I am an advocate for demonizing and squelching the current concept of political correctness that translates into a politics of personal destruction for anybody who wanders off the PC plantation of th day or offends anybody in a 'protected' class. But I am not demanding that any one of you who do not agree with me on that be harmed or disciplined in any way.
The opinions that we hold harm nobody. It is ACTING on those opinions or intending to act on those opinions that can harm people. But too many here can't seem to make the distinction between those two things.
You are correct that holding an opinion is different to ACTING on that opinion.

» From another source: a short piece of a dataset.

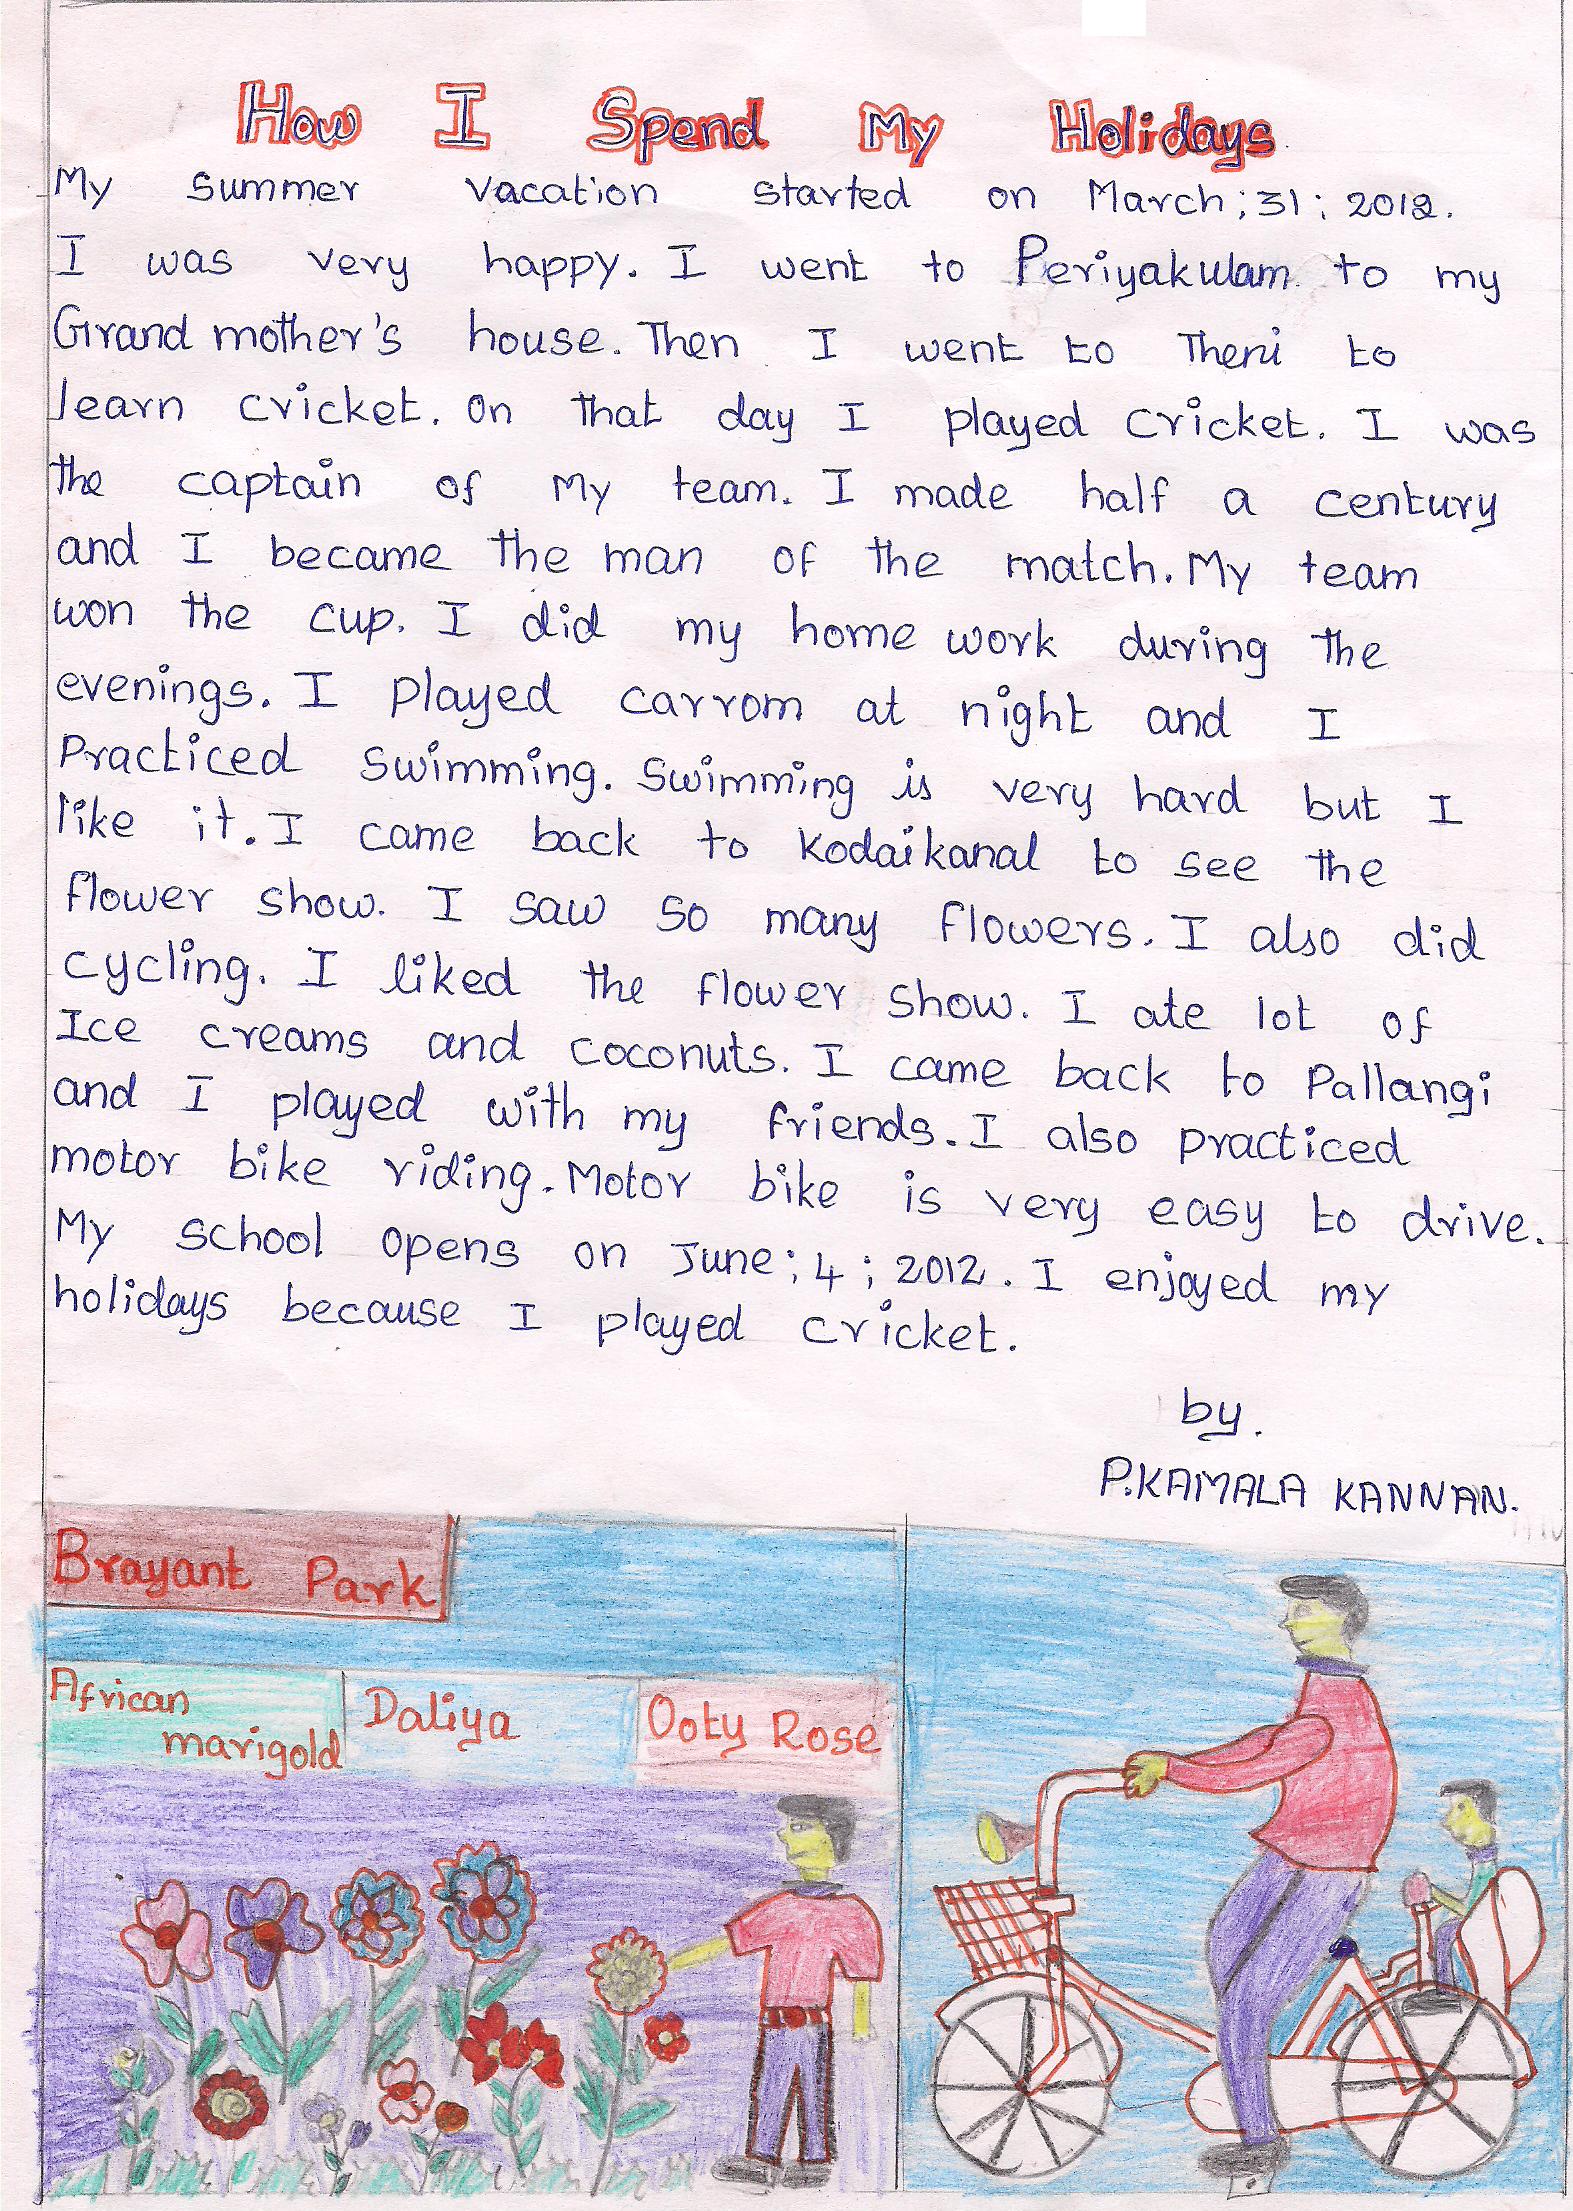 022 Summer Vacation Essay Frightening For Class 6 In Urdu On Marathi Full

PR ACTED on his opinion when he used his celebrity status to expound his intolerance. It was that ACTION on his part that caused the REACTION by GLAAD.
I disagree. It was no doubt his celebrity status that got him the interview with GQ Magazine. But his expressing an opinion when asked for that opinion is not acting on anything. It is expressing an opinion. And it doesn't matter if it is a bowery gutter bum, a preacher, a Buddhist monk, a CEO of a corporation, a movie star, a Duck Dynasty character, or the President of the United States, expressing an opinion is expressing an opinion and nothing else. The ACTION came from GQ Magazine that chose to publish the opinion they gathered in the interview.
Would GLAAD have been justified in going after GQ Magazine for pubishing that opinion? No, they would not any more than they were justified going after A&E and Phil Robertson. Would they have been justified in publishing or speaking or advertising their own opinion of that opinion? Yes they would.
But it's back to the difference between telling somebody off and physically assaulting or punching them out. To object to another's public opinion is fair game. To go after him to physically and/or materially hurt him for nothing more than expressing an opinion they didn't like is not.
If it is okiay to punch Phil out for expressing an unpopular belief, then it is okay for me to punch out any member of GLAAD for expressing an opinion I don't agree with or to threaten or punch out or hurt anybody I disagree with. It doesn't take a whole lot to start a whole new civil war if everybody thinks its okay to hurt somebody who says something they don't like.